Despite a propaganda program intent on maintaining the cliché of stability, Putin’s regime was suddenly confronted in December 2011 by a highly public protest movement that told a different side of the story. Judah argues that Putinism has brought economic growth to Russia but also weaker institutions, and this contradiction leads to instability. The author explores both Putin’s successes and his failed promises, taking into account the impact of a new middle class and a new generation, the Internet, social activism, and globalization on the president’s impending leadership crisis. Can Russia avoid the crisis of Putinism? Judah offers original and up-to-the-minute answers.
Judah’s dynamic account of the rise (and fall-in-progress) of Russian President Vladimir Putin convincingly addresses just why and how Putin became so popular, and traces the decisions and realizations that seem to be leading to his undoing. The former Reuters Moscow reporter maps Putin’s career and impact on modern Russia through wide-ranging research and has an eye for illuminating and devastating quotes, as when a reporter in dialogue with Putin says, “I lost the feeling that I lived in a free country.
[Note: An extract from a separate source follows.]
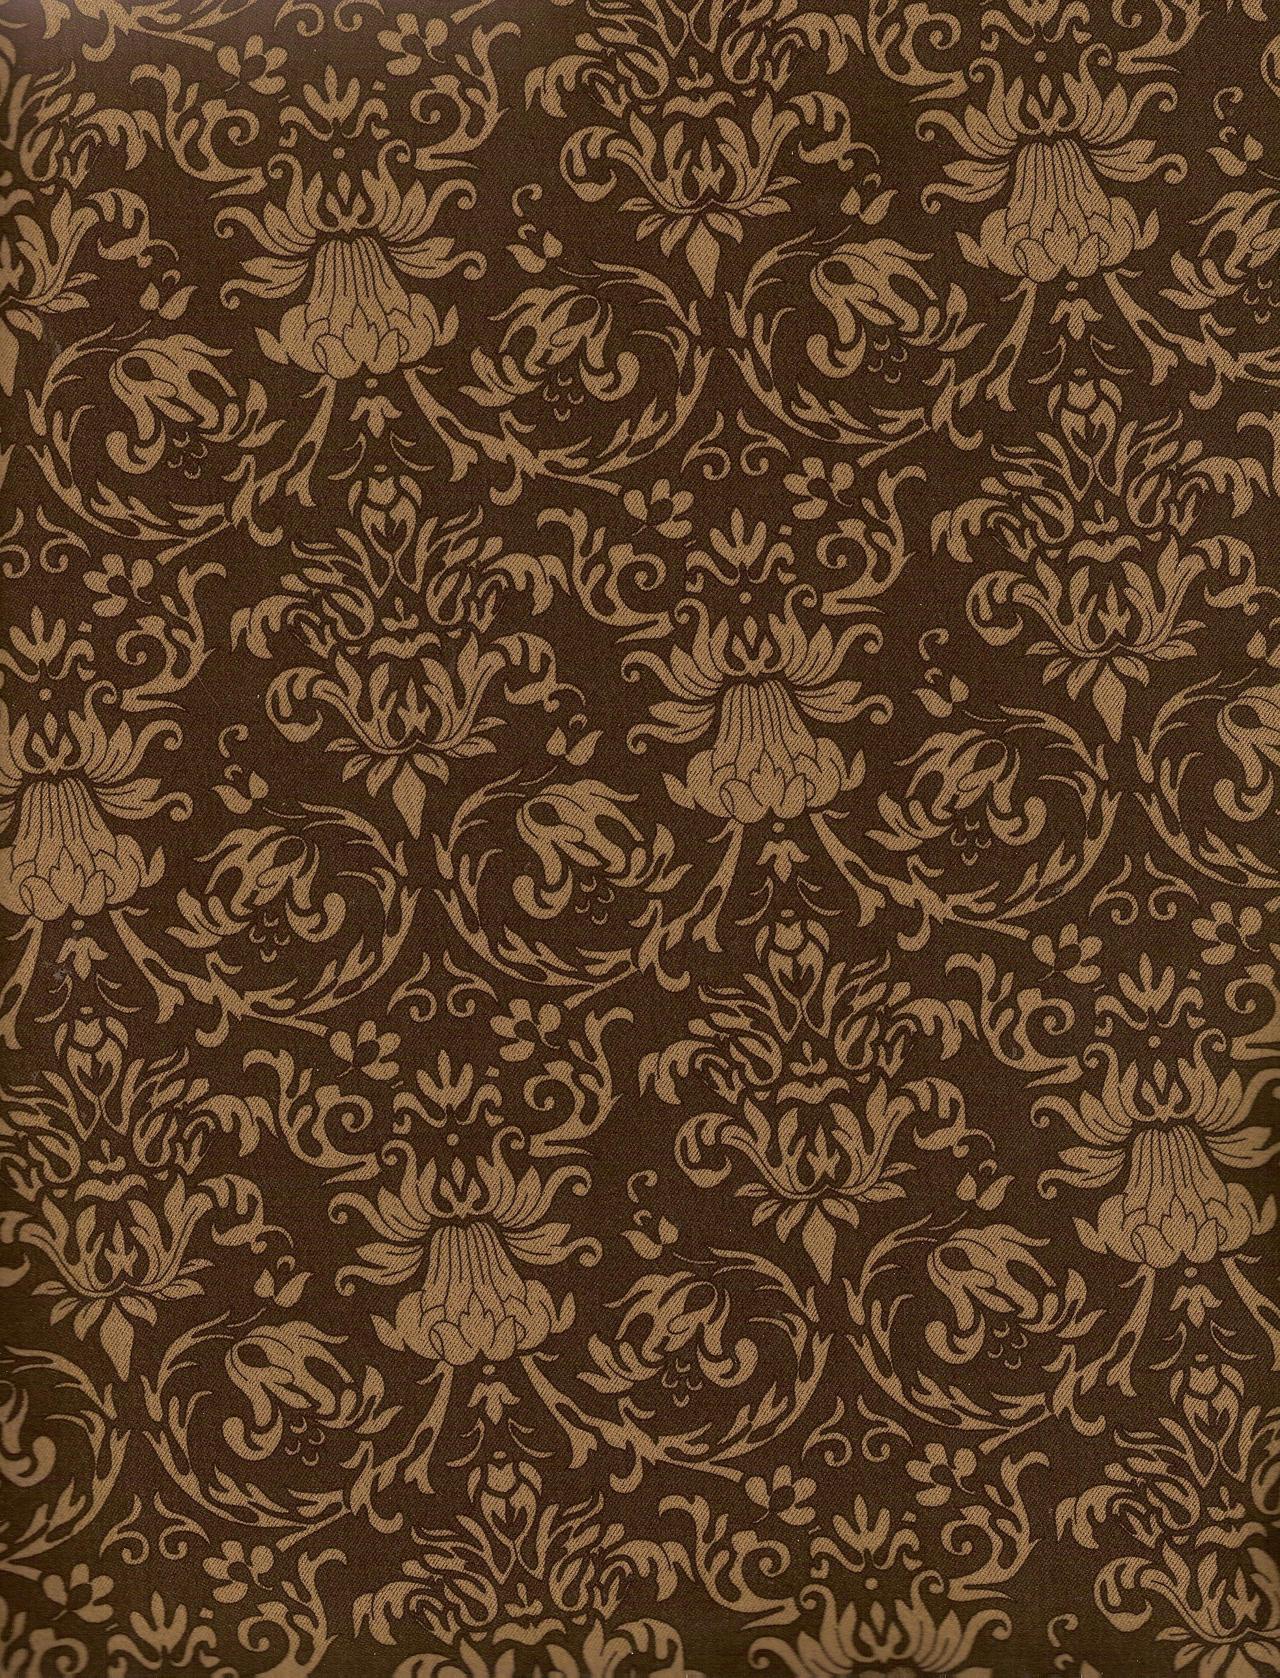 Art Nouveau Pattern Texture by Enchantedgal-Stock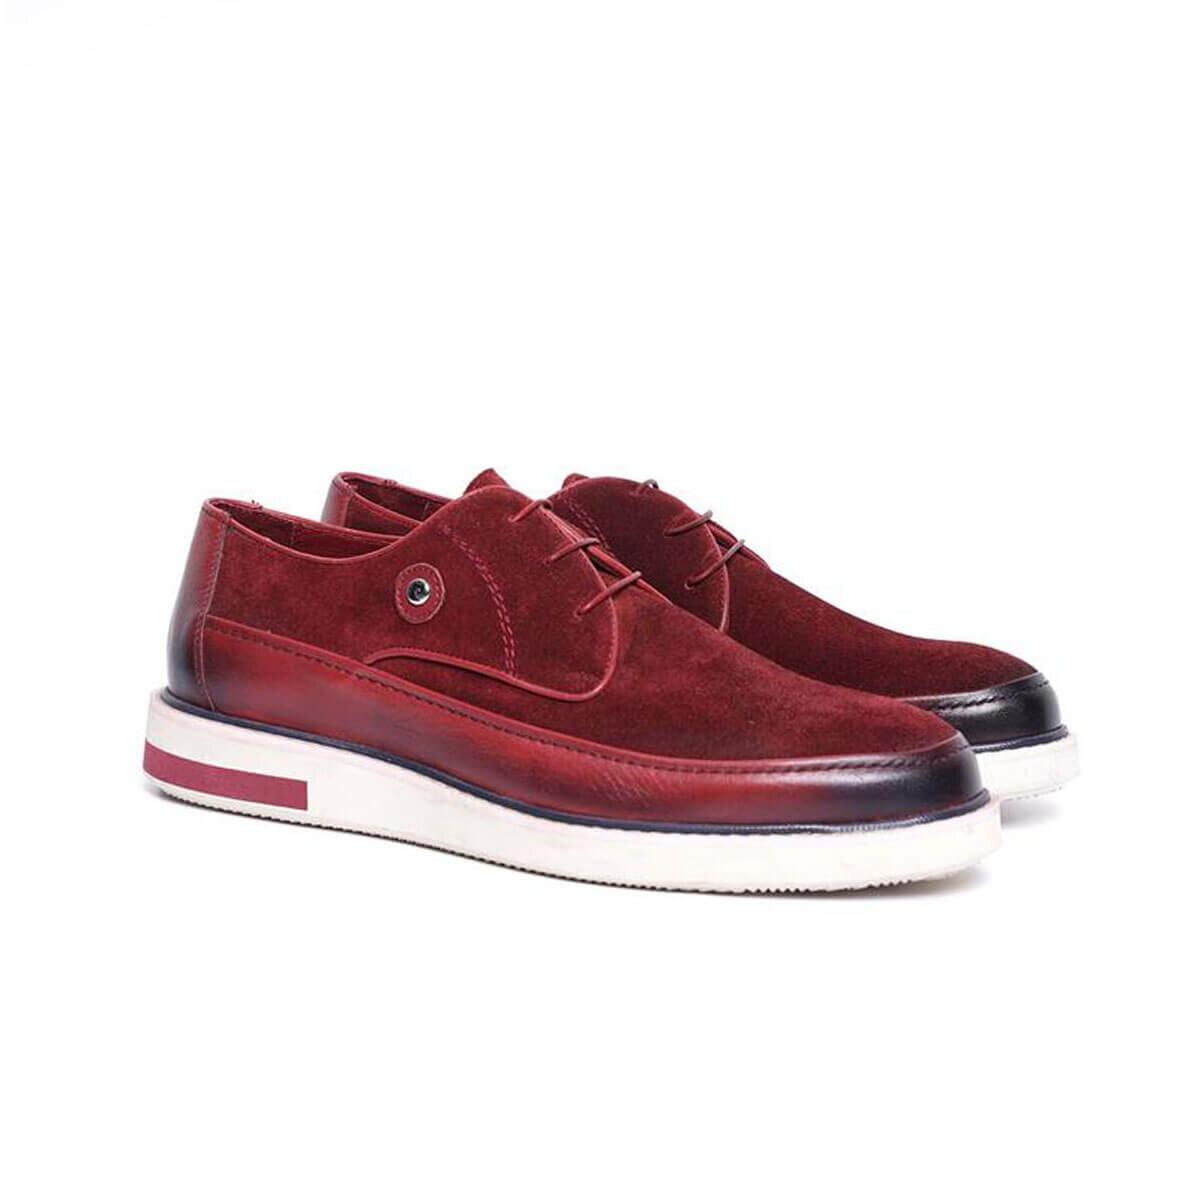 BORDO Erkek Ayakkabı 332279D-5

I have not started to feel fear.” To which Putin responds, “Did you not think that this was what I was aiming for: that one feeling disappeared, but the other did not appear?” His style, however, feels hurried, an effect of which is occasional losses of narrative clarity. In some cases limited information is available, and his pace-maintaining reliance on euphemistic, metaphorical, and journalistic language can leave readers underserved and confused. Judah is at his best when being very specific, and perhaps the book’s achievement is that it makes comprehensible how Putin got to where he is; those wondering how Putin became and remained so popular will benefit from this sober, well-researched case. (June)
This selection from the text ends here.